# Work task
In the copy, every line of the material that follows must appear exactly, and no pictures should.

# Stored data
•••
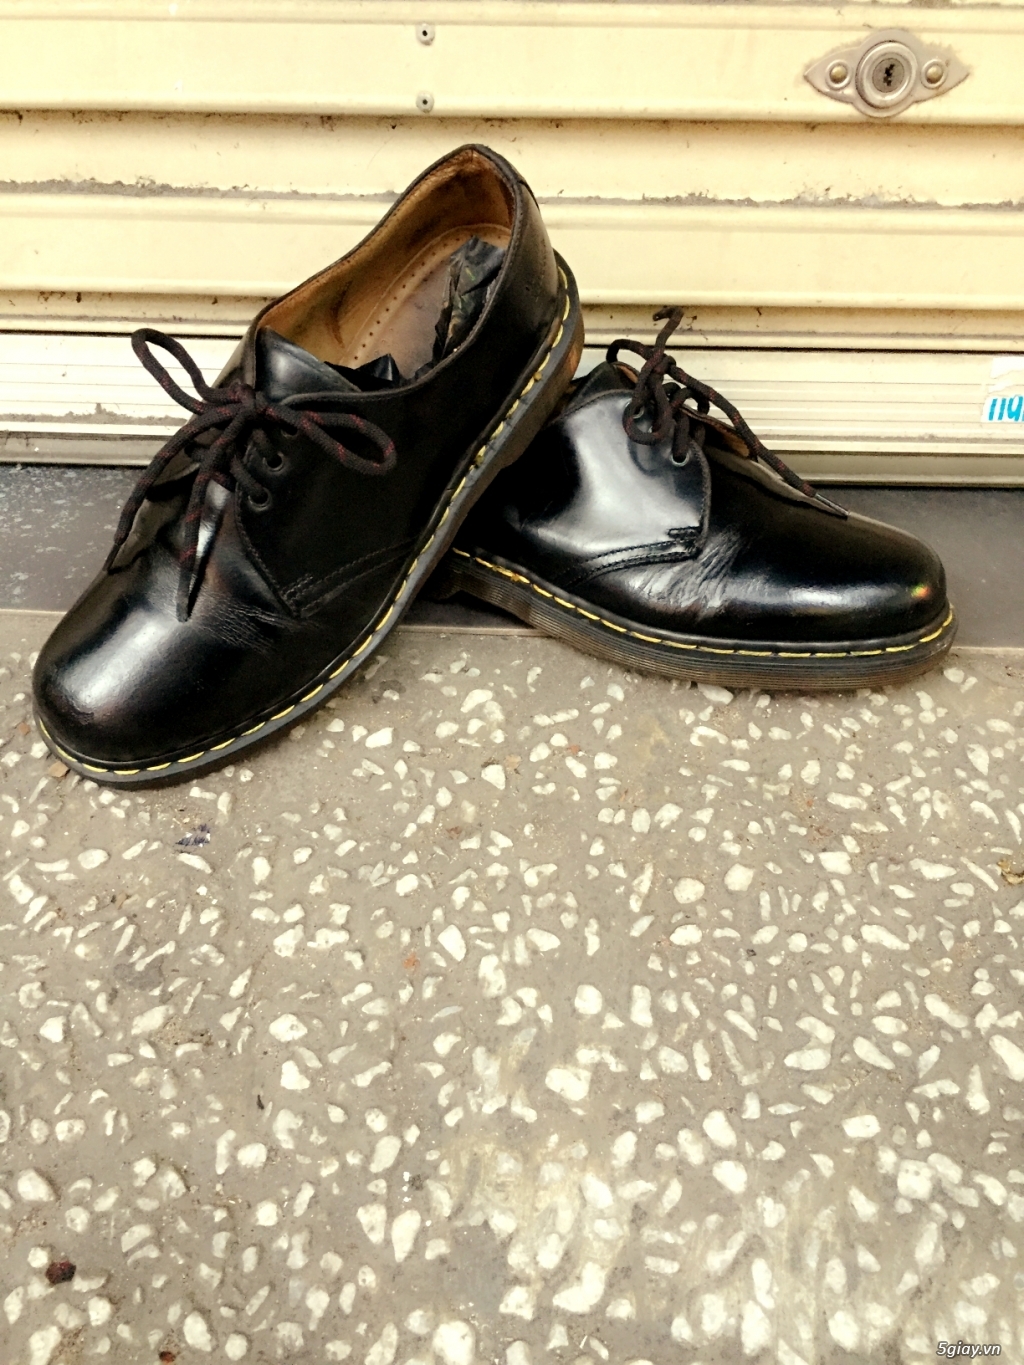 HCM bán đôi giày hiệu dr martens made in englands giá rẽ - 1
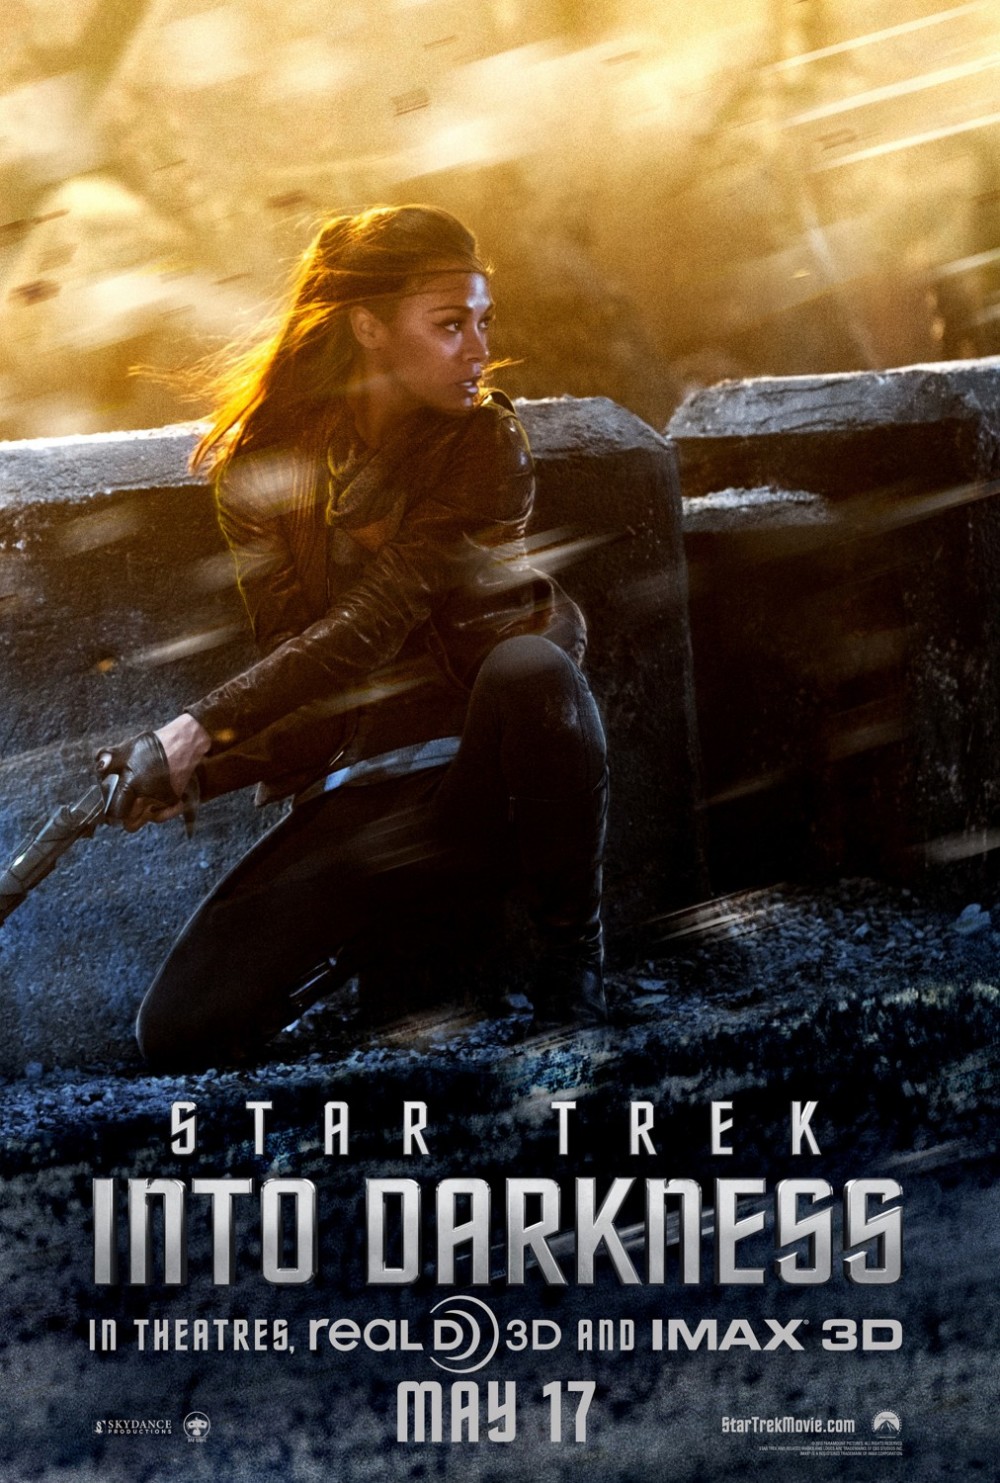 Volledig nieuwe trailer & vier posters 'Star Trek Into Darkness'
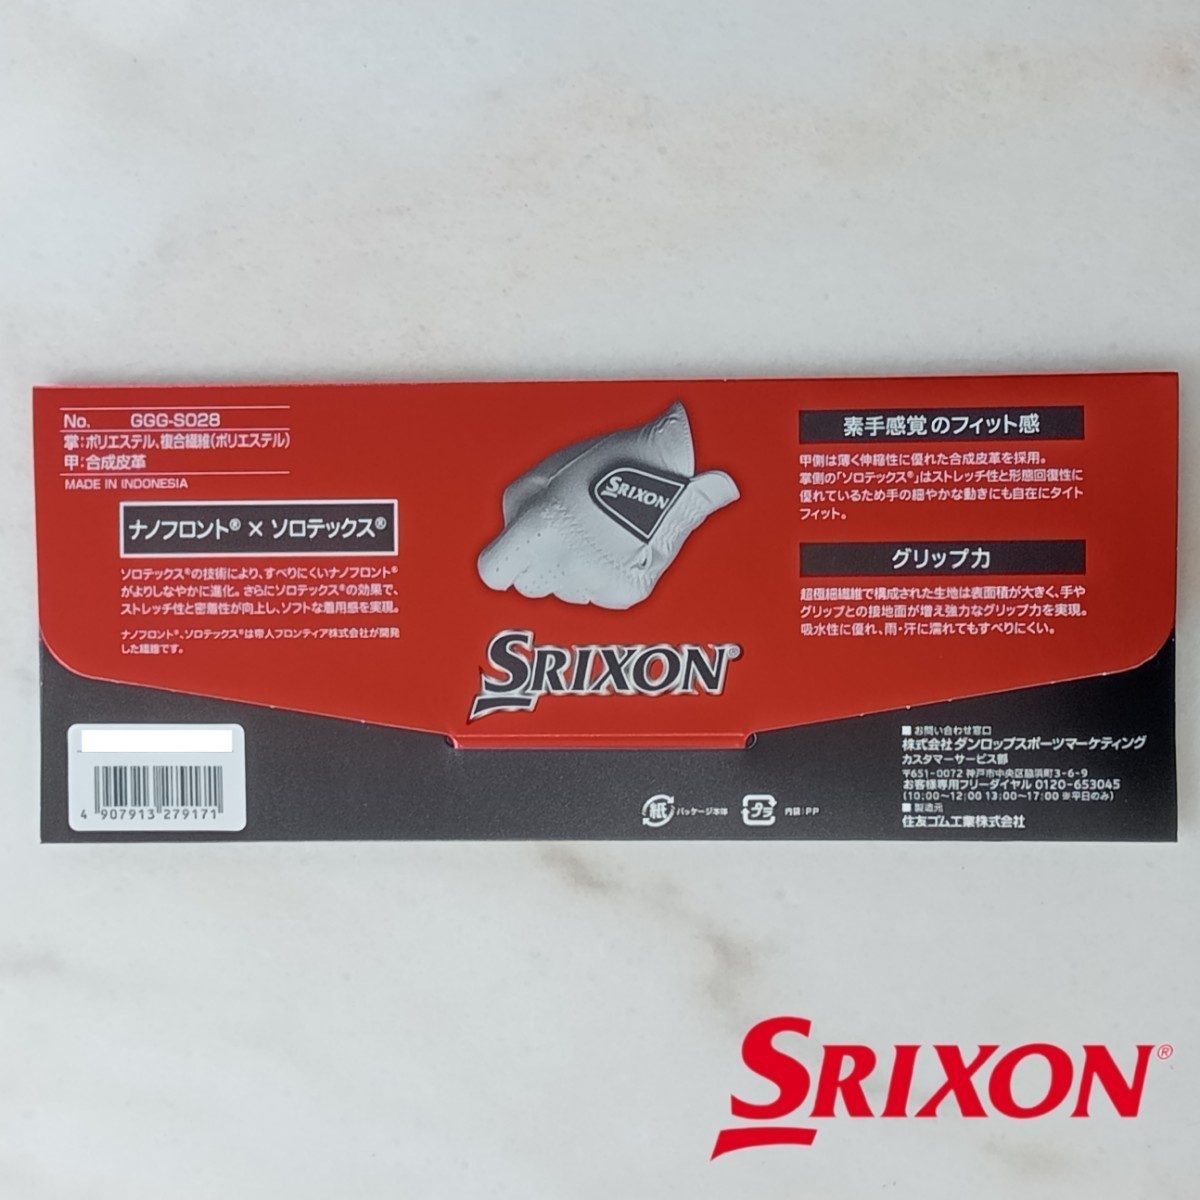 スリクソン 23cm 白 3枚セット GGG-S028 ダンロップ ゴルフグローブ 新品未使用品 ゴルフ用品 SRIXON PRO SERIES 薄手 ホワイト グローブの画像6
•••
# Exercise result
 HCM bán đôi giày hiệu dr martens made in englands giá rẽ - 1
 Volledig nieuwe trailer & vier posters 'Star Trek Into Darkness'
 スリクソン 23cm 白 3枚セット GGG-S028 ダンロップ ゴルフグローブ 新品未使用品 ゴルフ用品 SRIXON PRO SERIES 薄手 ホワイト グローブの画像6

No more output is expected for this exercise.